The current worldview, at least in most Western countries, is predominantly scientific rationalism.
Understanding the Challenges
Ritual and Collective Consciousness
Many acupuncture protocols were developed in prescientific times, and have a magical/mythical quality to them. In acupuncture, examples might include the 12 Celestial points, the 7 Dragons, the Husband–Wife imbalance, and the 4-Needle technique, to name a few. Although the purpose of these protocols is to help patients harmonize various imbalances, the protocols all run the risk of supporting the magical/mythical worldview, especially if the points are used with little rational explanation. In that worldview, power to access the transpersonal dimension lies in the hands of the priest/shaman, who holds the authority to facilitate communion with Spirit.
In contrast, Traditional Chinese Medicine (TCM), anatomical acupuncture, and conventional medicine have all developed in the scientific era. Although science has exposed many of the fallacies inherent in the magical/mythical perspective (such as unquestioned beliefs in rain gods, spirits, and curses), science has introduced its own set of a-priori assumptions (such as reductionism and objectivity). Here physicians take the place of the priests/shamans as the repositories of esoteric knowledge together with the power to mediate healing. Unfortunately, much of that power projection is misplaced and, as a result, is not conducive to healing.

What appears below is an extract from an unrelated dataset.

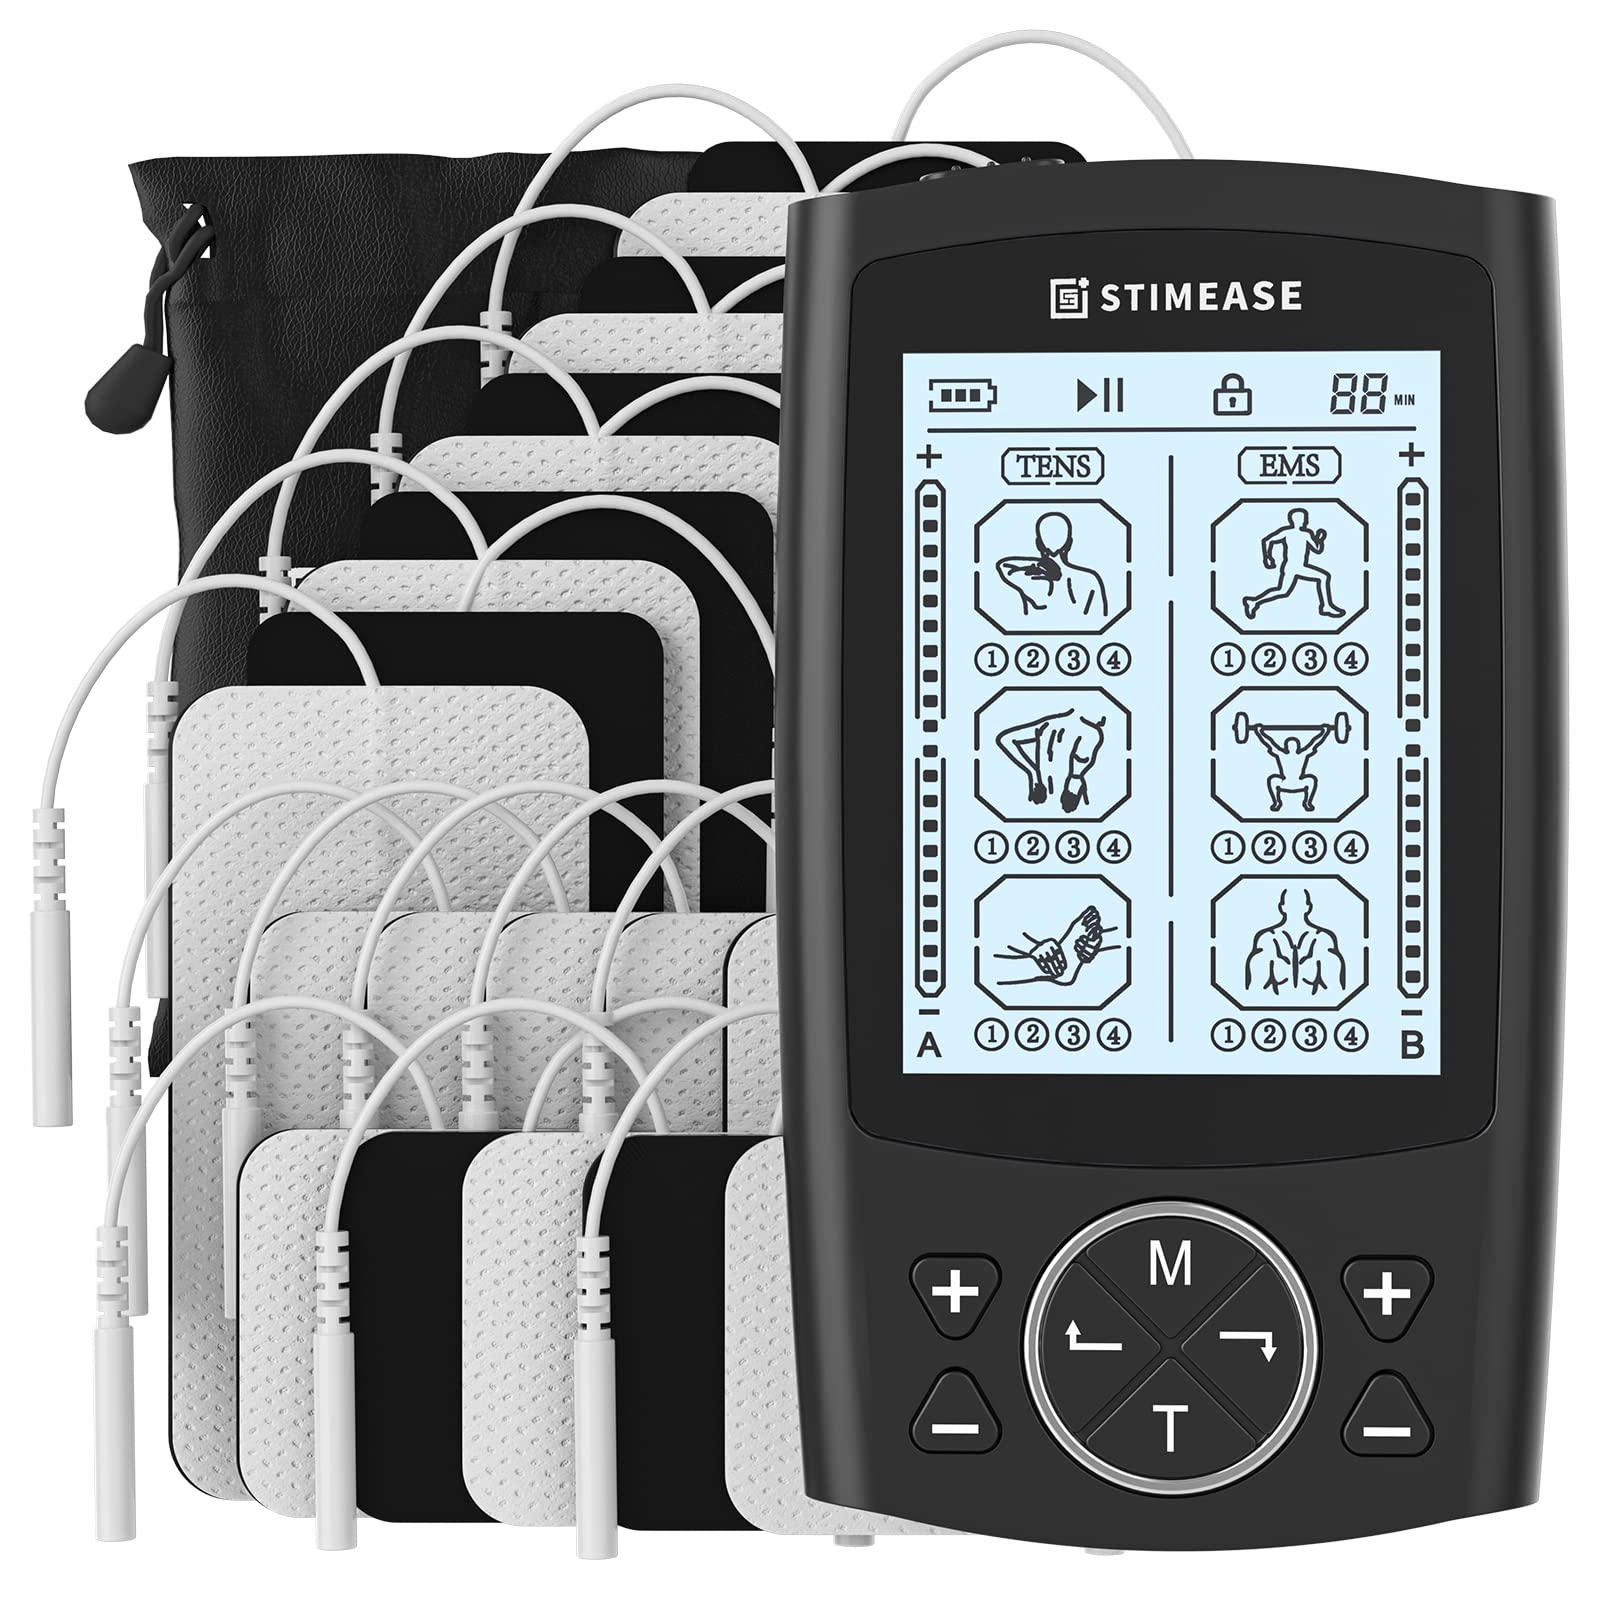  TENS Unit Muscle Stimulator Electric Shock Therapy for Muscles  Dual Channel TENS EMS Unit Electronic Pulse Massager with 24 Modes Physical  Therapy Equipment for Back Pain Relief : Health & Household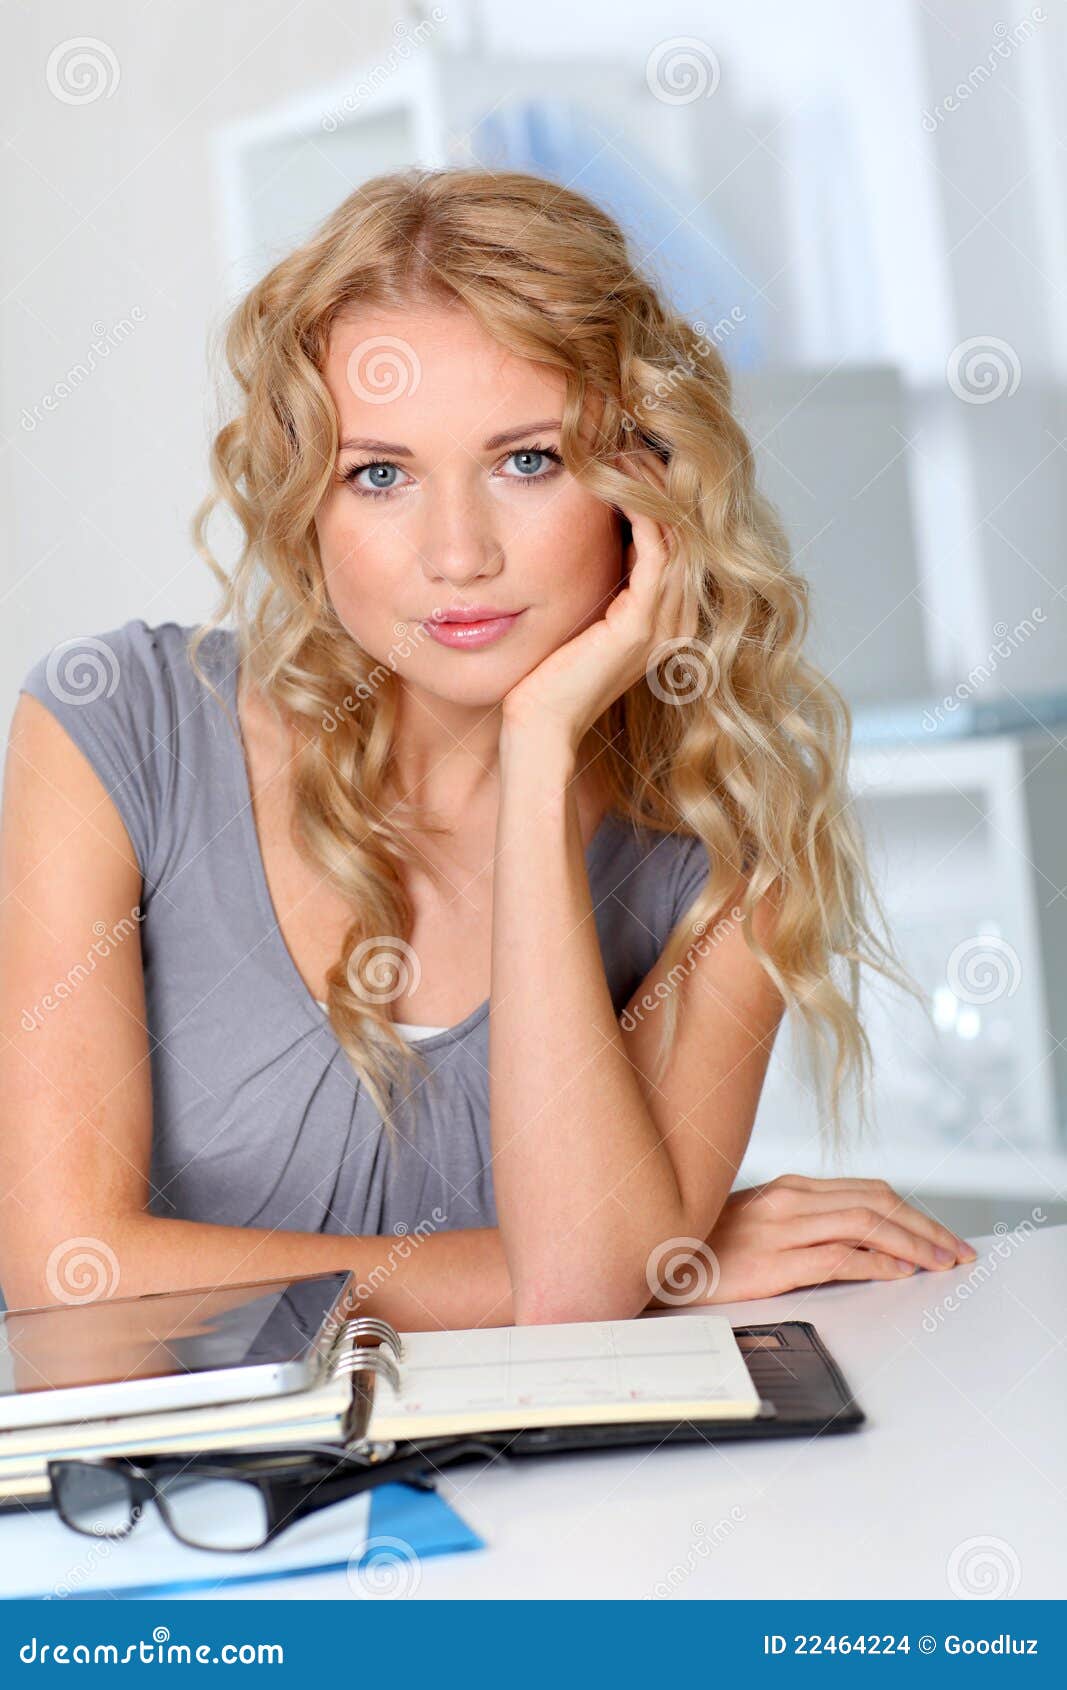 Student blonde. Blond woman Office portrait. Mosgu students blonde. "Blond attractive woman in the Retro Laboratory".

Power projection is an energetic imbalance that can be difficult to address in the conventional milieu. First, in the usual therapeutic context, many patients want to be told what to do—and sometimes even expect it as their entitlement of being medically insured. Second, the worldviews of practitioners and patients can be significant hurdles. Because prescientific and scientific medical systems are both rooted in presumed power differentials, the transition to self-empowerment often involves a fundamental restructuring of the traditional therapeutic relationship itself.
The Existential Split and the Golden Gate
The issue that generally underlies the tendency to project power is the existential split, or in Chinese Medicine (CM) terms, the original differentiation of Yin and Yang. In previous articles, the current author has discussed this split and explored how it gives rise to alienation, existential anxiety, and a sense of disempowerment. 8 To summarize, the split arises in consciousness when the personal “I” emerges out of the Tao to give rise to a separate sense of self.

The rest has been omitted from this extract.